2. Build an RL Harness (Not Just a GPT Wrapper)
Prompt engineering can work, but true breakthroughs will come from Reinforcement Learning (RL).
- Reward Signals: Find objectives that are absolute so you can point ML at it to self-improve without drift.
- Iterative Environment: Let AI play the game itself with a simple set of tools (perhaps the same ones a human would use) and let it attempt to win.
- Scalable Autonomy: Focus RL on end-to-end workflows, allowing AI to figure out the workflow.
3. Look for Warhorse Level of Societal Change
Identify areas stuck behind human constraints and let AI’s “force” multiply impact. Where we're currently "scaling" with humans, not electricity.
- Automation Potential: Where do endless, repeatable tasks bog humans down?
- High-Impact Targets: Find processes where small improvements unlock massive value.
- Limited by Human Effort: If a job is too big, complex, or slow for people, an AI harness can charge through.
The Final Thought: From SaaS to “Service as Software”
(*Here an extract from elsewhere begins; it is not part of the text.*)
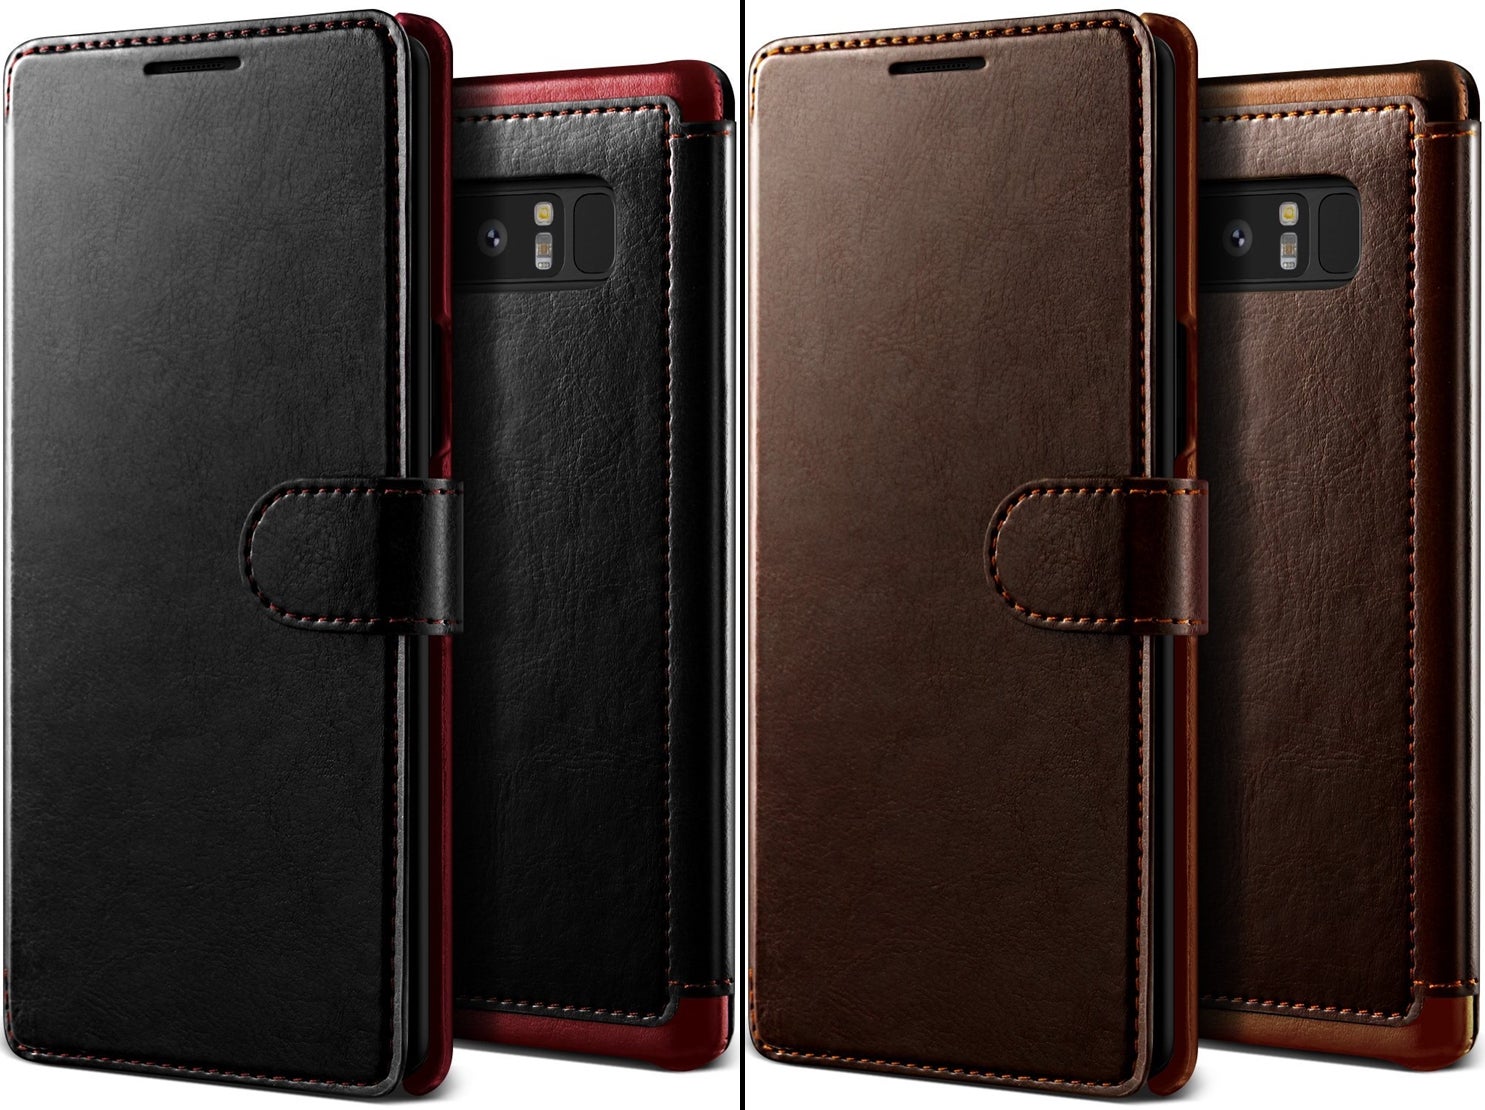 9 of the best leather cases you can get for your Galaxy Note 8

As intelligence itself becomes commodity, the real edge lies in owning the entire service flow—no more shipping partial tools and hoping users piece them together. The shift is from Software-as-a-Service (helping humans do work) to Service-as-Software (letting AI do the work end-to-end). If you:
- Control the user’s starting point,
- Provide an RL-driven environment,
- And apply AI force to high-impact tasks,
then you’re not just building a product—you’re redefining a service category.